Méfiance croissante à l’égard des militants du revenu de base

Une belle idée peut être dangereuse. On ne devrait jamais oublier ce fait quand on se hasarde en politique. J’ai l’impression que cette histoire se rejoue sous mes yeux avec le revenu de base.

Belle idée, s’il en est. Accorder à chacun un revenu inconditionnel de la naissance à la mort. Trop belle pour certains qui s’y opposent au nom de l’autonomie. Selon eux, trop de prise en charge enfermerait les gens dans la dépendance et les priverait d’initiative. Parfois je me sens plus proche des défenseurs de ce point de vue que de celui de certains des militants du revenu de base. C’est en soi assez inquiétant. Se sentir plus d’affinité pour ses adversaires politiques que pour ses amis.

Pour moi, le revenu de base serait une mesure de dignité, une extension de l’égalité en droit, un socle monétaire minimal accordé à chacun, socle qu’il est bien difficile d’atteindre dans d’autres domaines puisque nous naissons inégaux en beauté, en intelligence, en santé, en vitalité, en rêve, en ambition… autant de différences parfois amplifiées par le lieu et le milieu de notre naissance, parfois il est vrai atténuées, ce qui dans tous les cas nous amène à devenir un et irréductible.

Cette merveilleuse diversité humaine nous garantit des rencontres étonnantes. Le revenu de base serait un levier pour augmenter la diversité, donner à plus de gens les moyens de gagner un surplus de liberté, diminuer le mimétisme… et paradoxalement augmenter les initiatives individuelles, ce que semblent démontrer les premières expérimentations.

Mais je prends peur quand je découvre que de nombreux militants pour un revenu de base défendent en fait le salaire à vie (SAV), cette idée de Bernard Friot selon laquelle nous toucherions un salaire à partir de 18 ans, modulé selon nos compétences, avec un facteur max fixé entre le salaire minimal et le salaire maximal.
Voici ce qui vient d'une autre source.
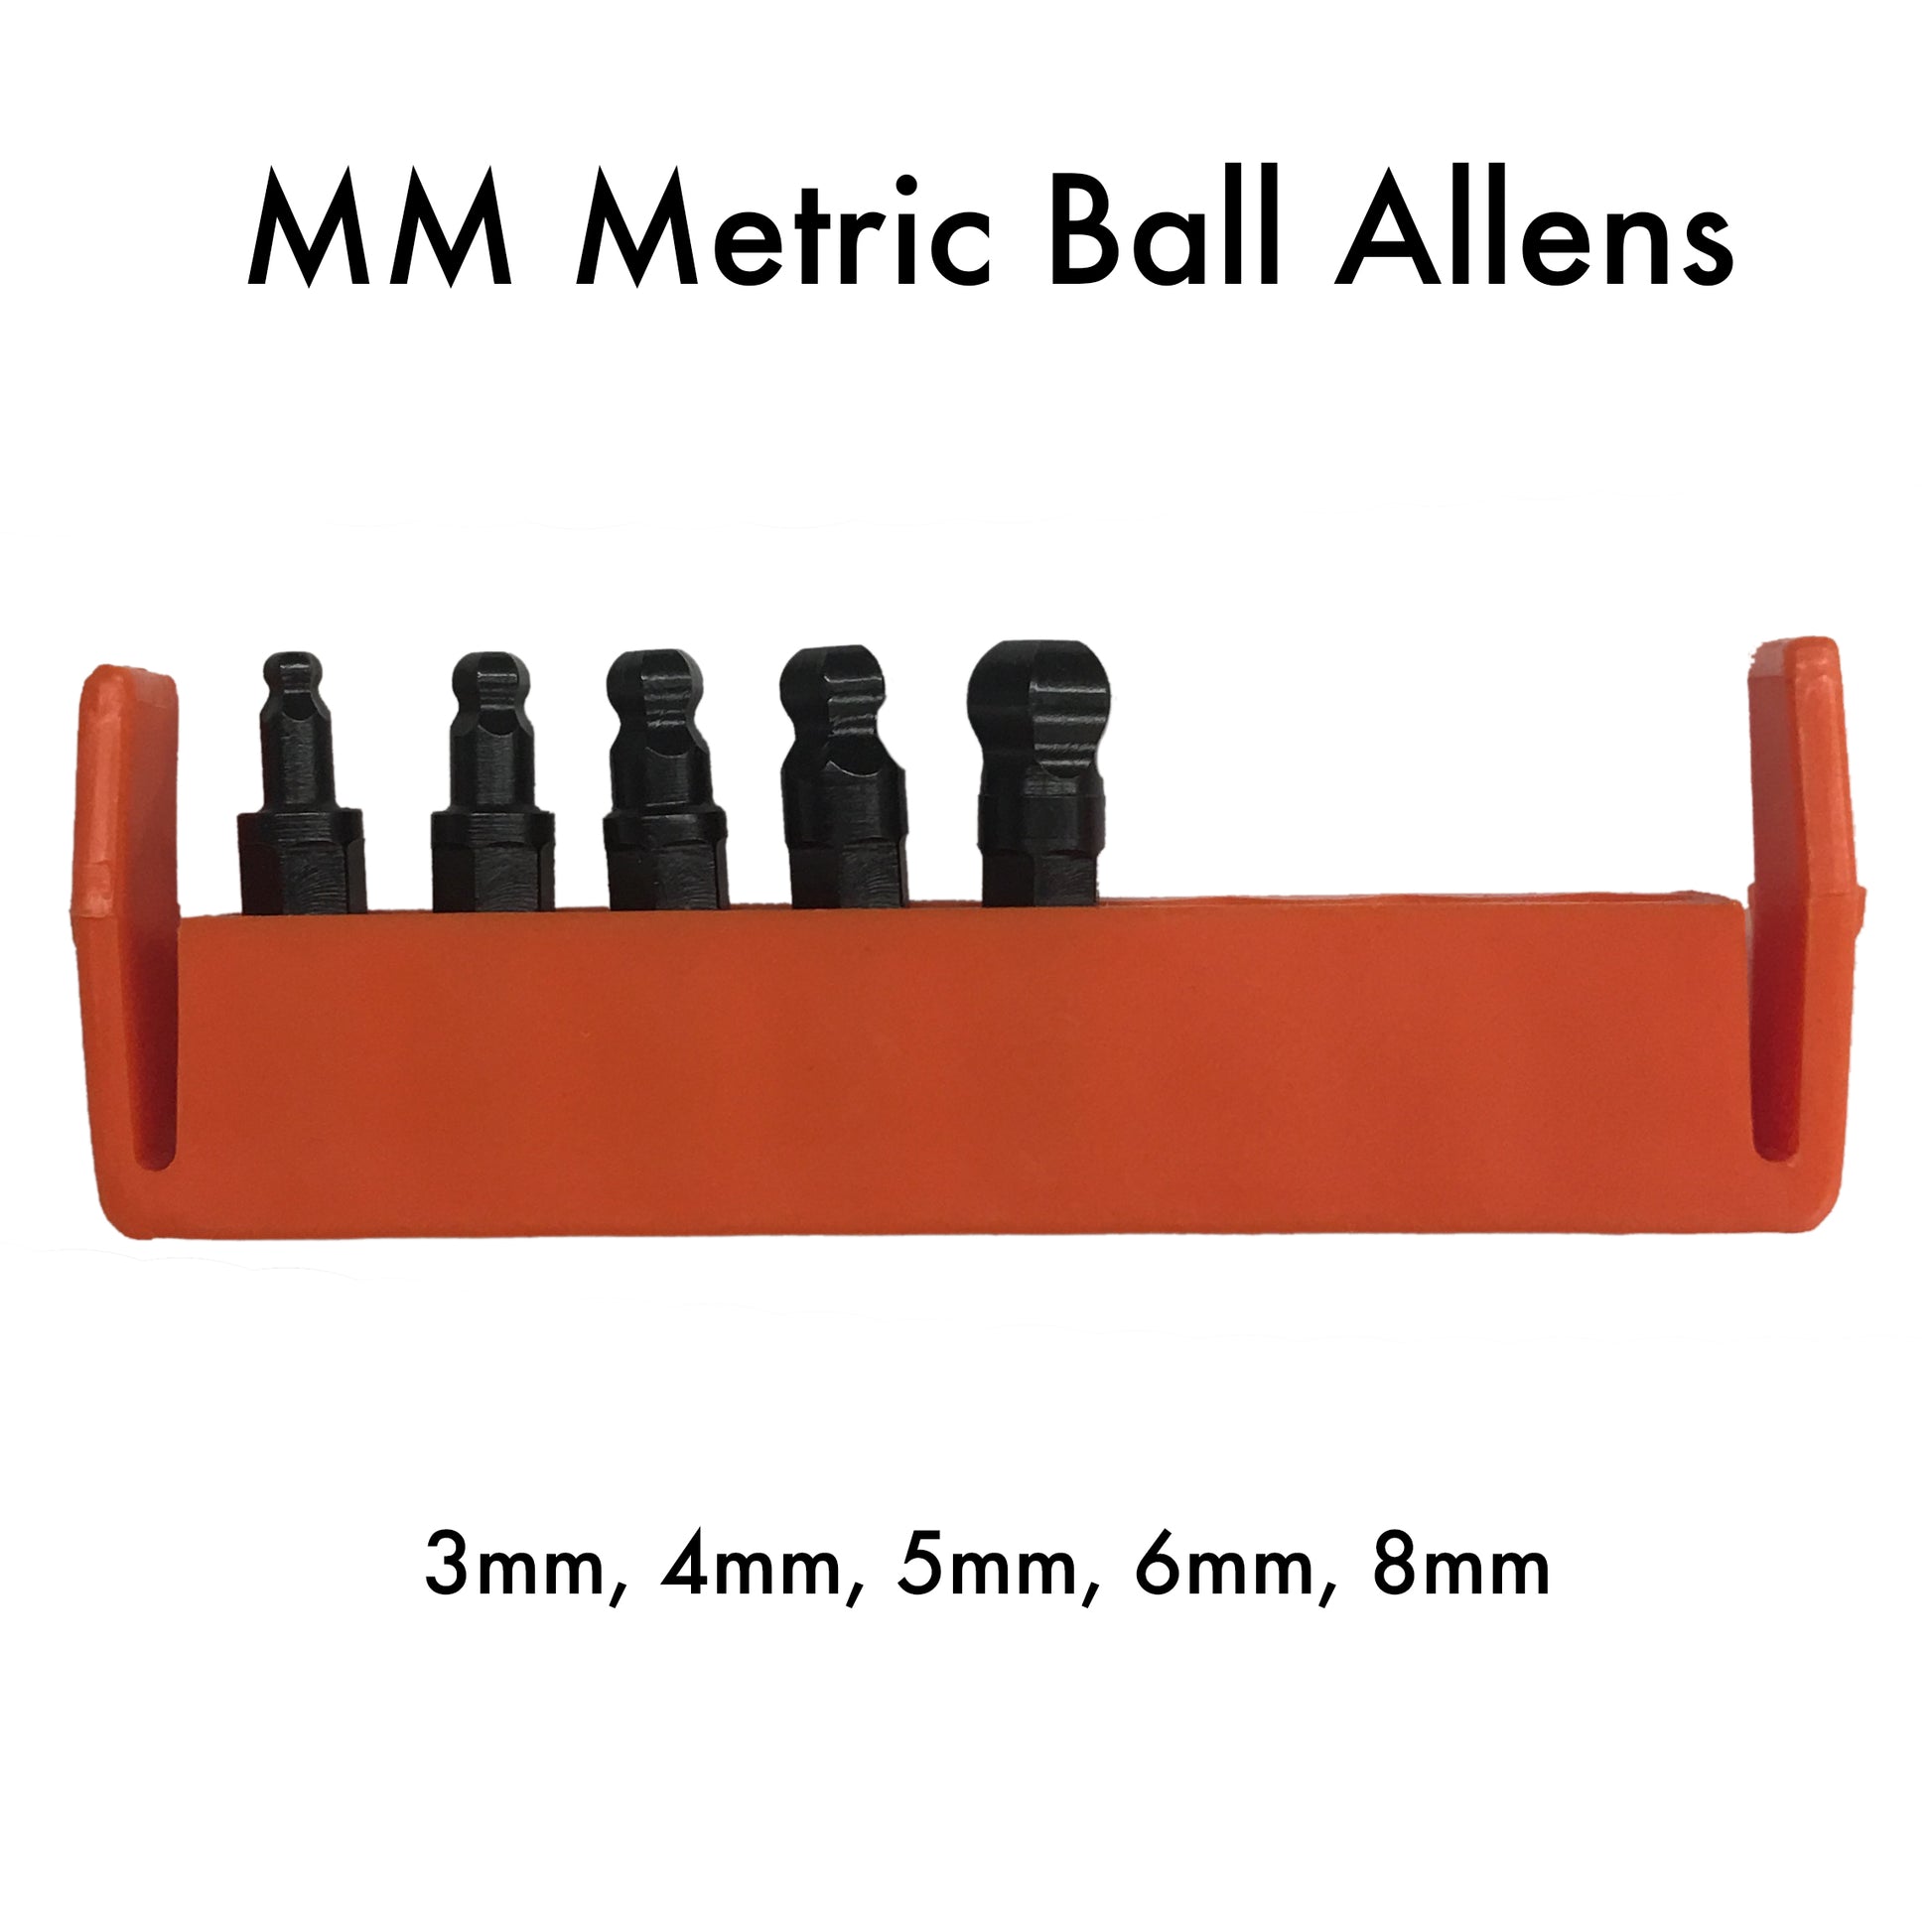 MM Metric Ball Allen Screwdriver Bits - 3mm, 4mm, 5mm, 8mm  | Chapman MFG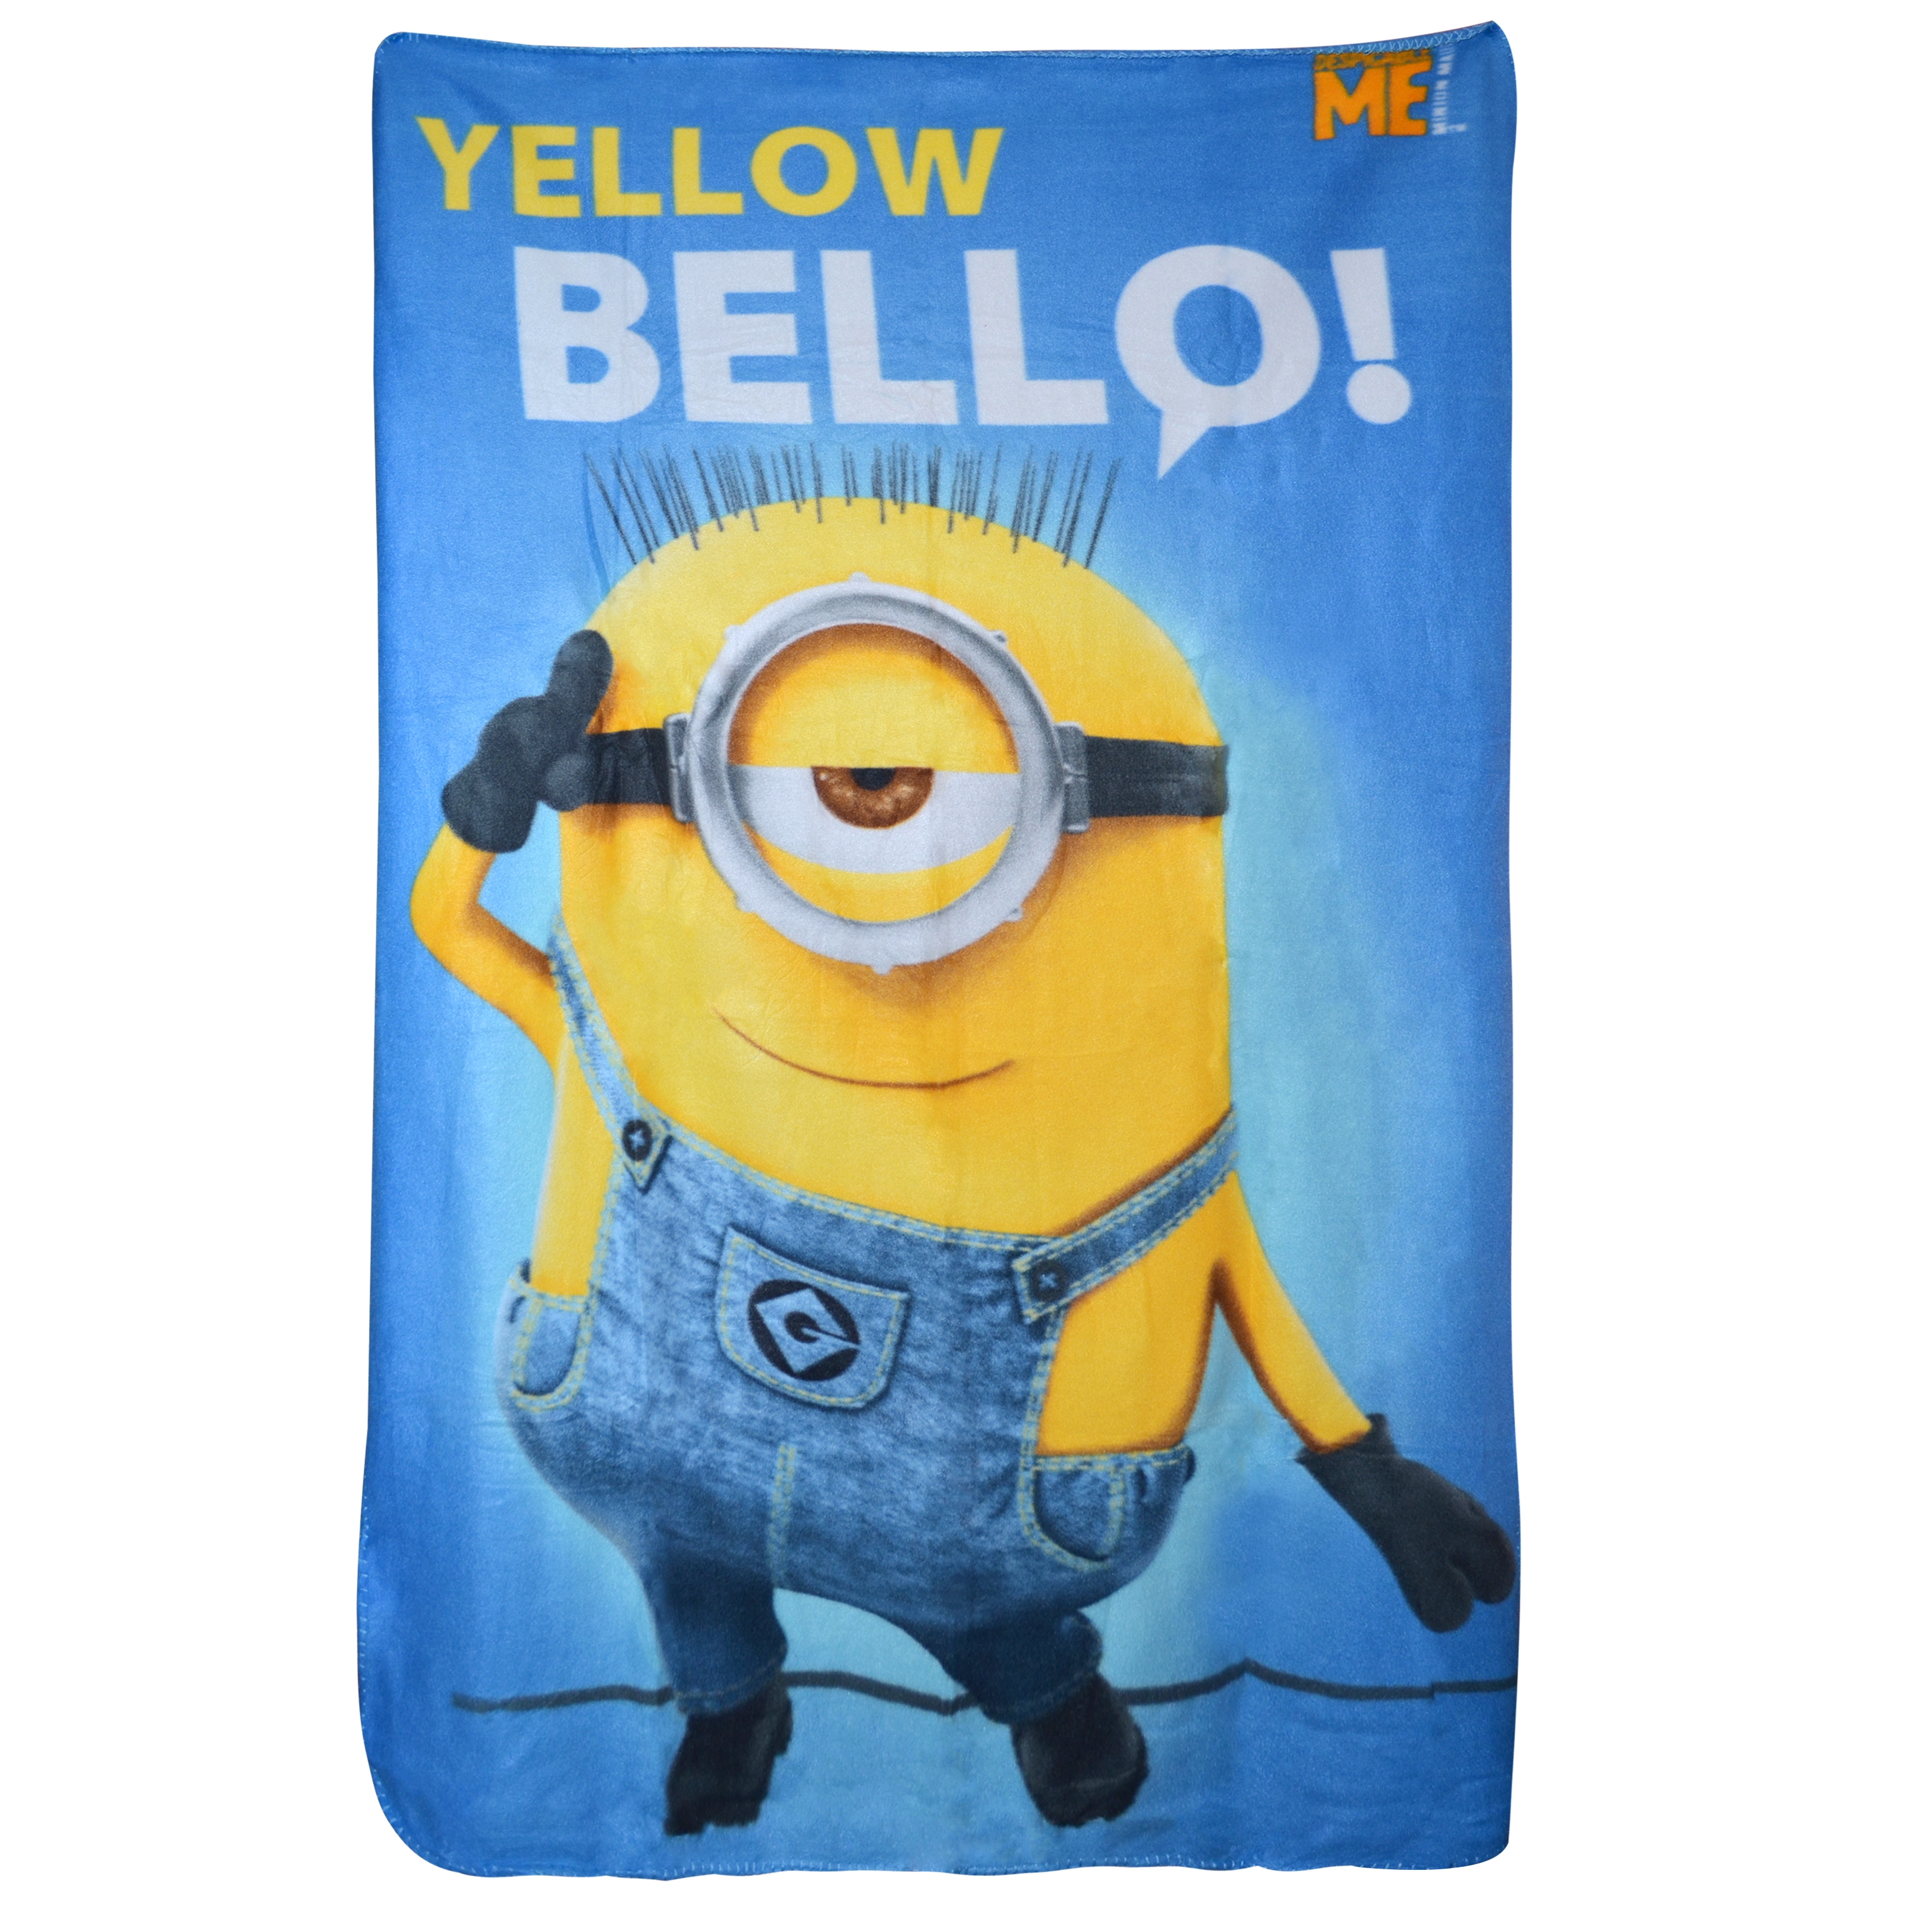 Despicable Me Minions 'Yellow Bellow' Panel Fleece Blanket Throw

Même si le SAV entrait en vigueur en France, je m’exilerais immédiatement. Parmi nos différences, et non des moindres, il existe une grande diversité d’envie, d’ambition, de volonté de puissance. La conquête de l’argent est souvent un moyen de les canaliser. Souvent même de réduire le niveau de violence dans une société. Enlevez la possibilité de surperformer financièrement et vous orientez ce flux de pulsions vers la conquête du pouvoir. Ce phénomène s’est produit dans toutes les sociétés totalitaires qui avaient plus ou moins écarté les capacités d’enrichissement individuel.

Qu’il existe des riches n’est pas une mauvaise chose. C’est quand l’écart entre pauvres et riches devient odieux qu’il faut s’alarmer. Quand la société se coupe en deux. Le revenu de base est une mesure pour élever le seuil inférieur, pas pour canaliser vers le seul pouvoir les rêves des ambitieux.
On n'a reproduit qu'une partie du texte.